- Born: April 12, 1953 (age 73) Toronto, Ontario, Canada
- Citizenship: Canada; United States;
- Occupations: Neurologist; author;

= Margaret Goodman =

Canandian-American neurologist

Margaret Goodman is a Canadian-American neurologist, anti-doping advocate, columnist, and author. She is best known for her work as a ringside physician for the Nevada State Athletic Commission and as the founder and president of the Voluntary Anti-Doping Association (VADA). Goodman also wrote a monthly column for The Ring magazine called "The Fight Doctor”. In 2021, Goodman was inducted into the International Boxing Hall of Fame.

==Early life and education==
Goodman was born in Toronto, Ontario, on April 12, 1953. Her father, Nat Goodman, was a professional musician, record producer and manager. The family moved to Los Angeles, California when Goodman was a child. She graduated from Beverly Hills High School in 1971 and earned a bachelor's degree from the University of California at Los Angeles (UCLA) in 1975. This was followed by a medical degree from Chicago Medical School in 1984. Goodman helped pay for medical school by singing. Goodman completed her internal medicine internship and residency in neurology at the West Los Angeles VA Medical Center and UCLA in 1988.

== Career ==
In 1988, Goodman joined a private practice in Las Vegas. In 1996, she started her own practice.
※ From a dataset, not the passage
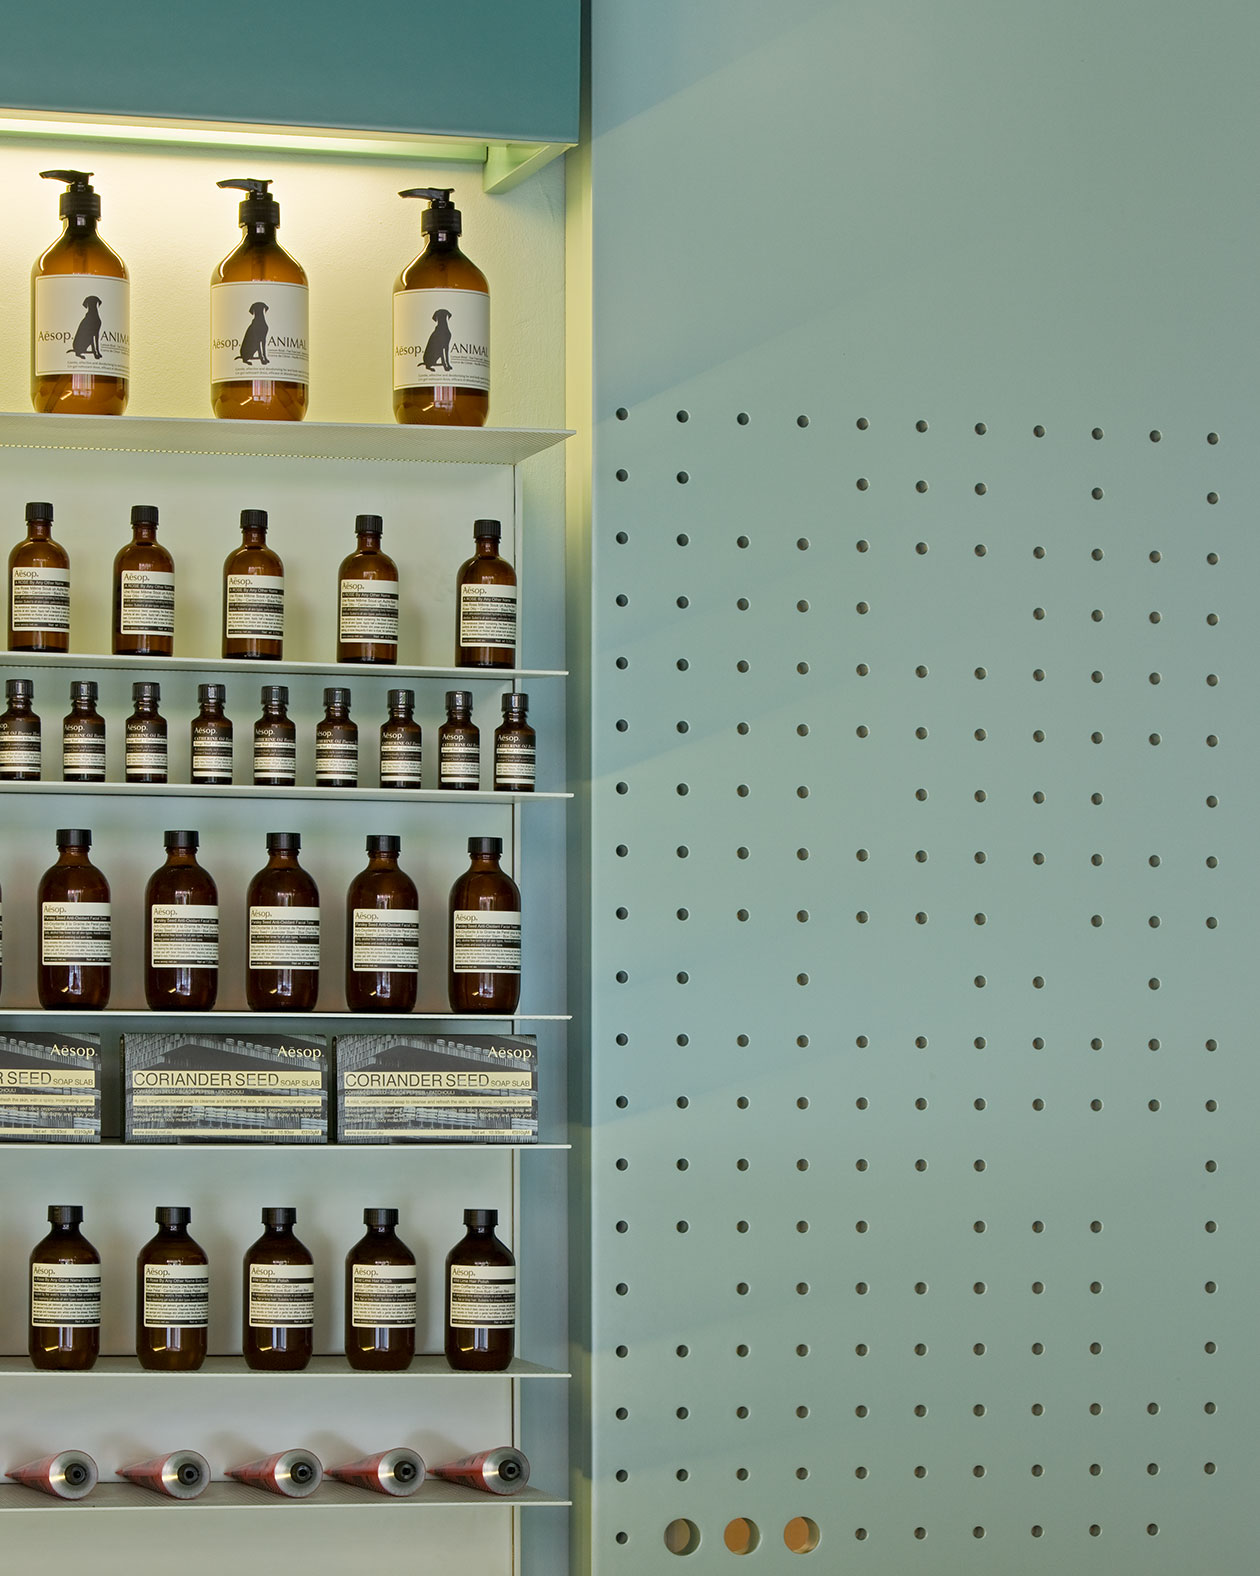 A close up of one of the product display shelves alongside the perforated wall.
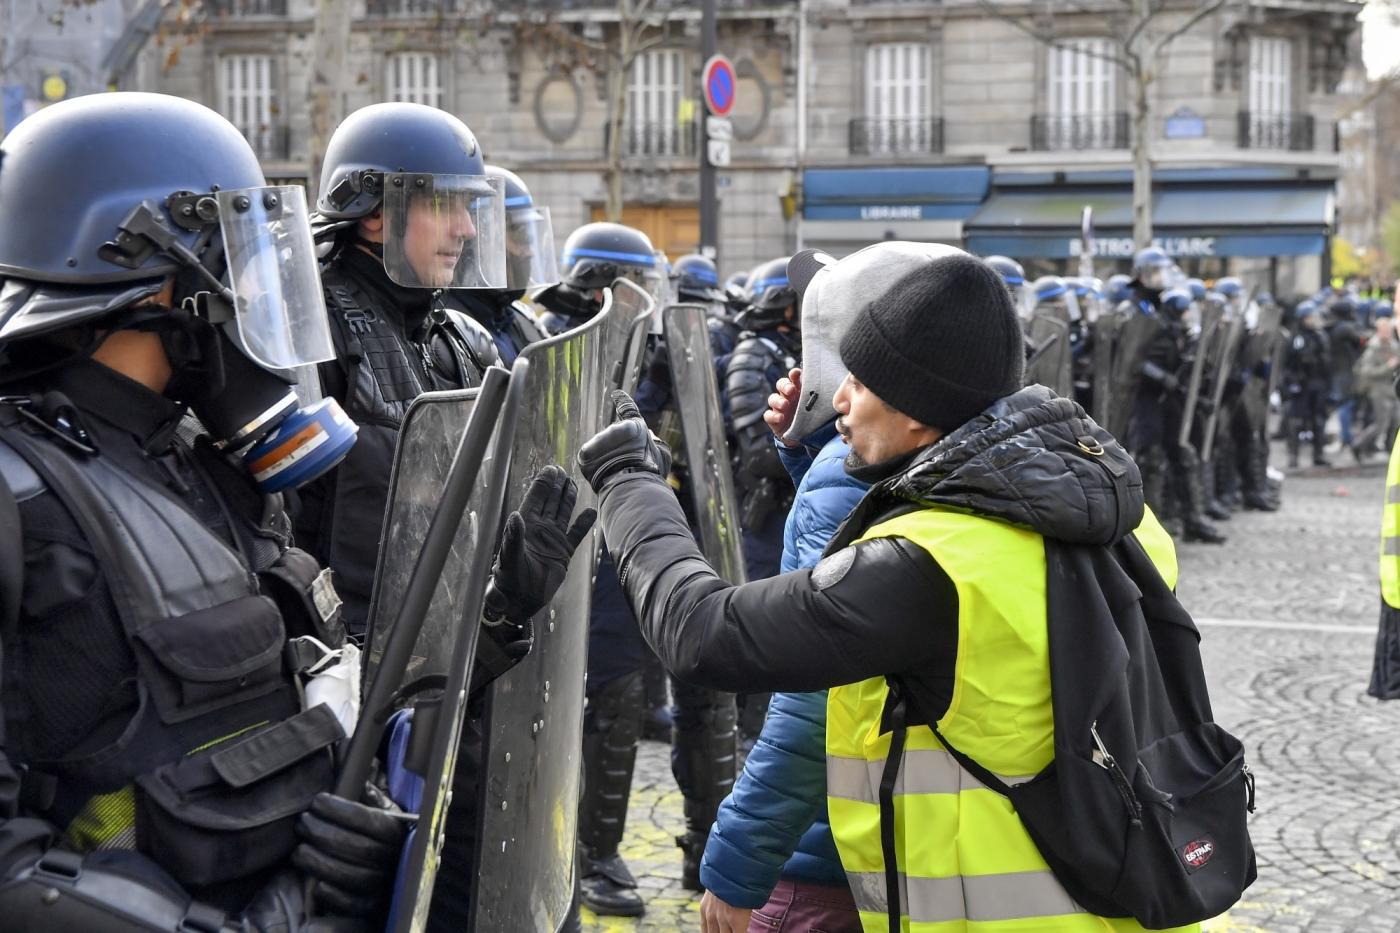 PARIS, Dec. 8, 2018 (Xinhua) -- A protester confronts police near the Arch of Triumph in Paris, France, on Dec. 8, 2018. Riot police fired tear gas and water cannon at "Yellow Vests" protesters marching in Paris on Saturday in the fourth week-end action despite President Emmanuel Macron's series of concessions. (Xinhua/Chen Yichen/IANS) by .

===Nevada State Athletic Commission===
Goodman got involved with boxing in 1992, originally working ringside at amateurs matches giving free physicals. In 1993, Goodman started doing neurological consultations for the Nevada State Athletic Commission. In 1994, a she got a job on the commission's medical staff initially being assigned to professional wrestling events. When she started working boxing fights, she was one of the few female ringside physicians in the world.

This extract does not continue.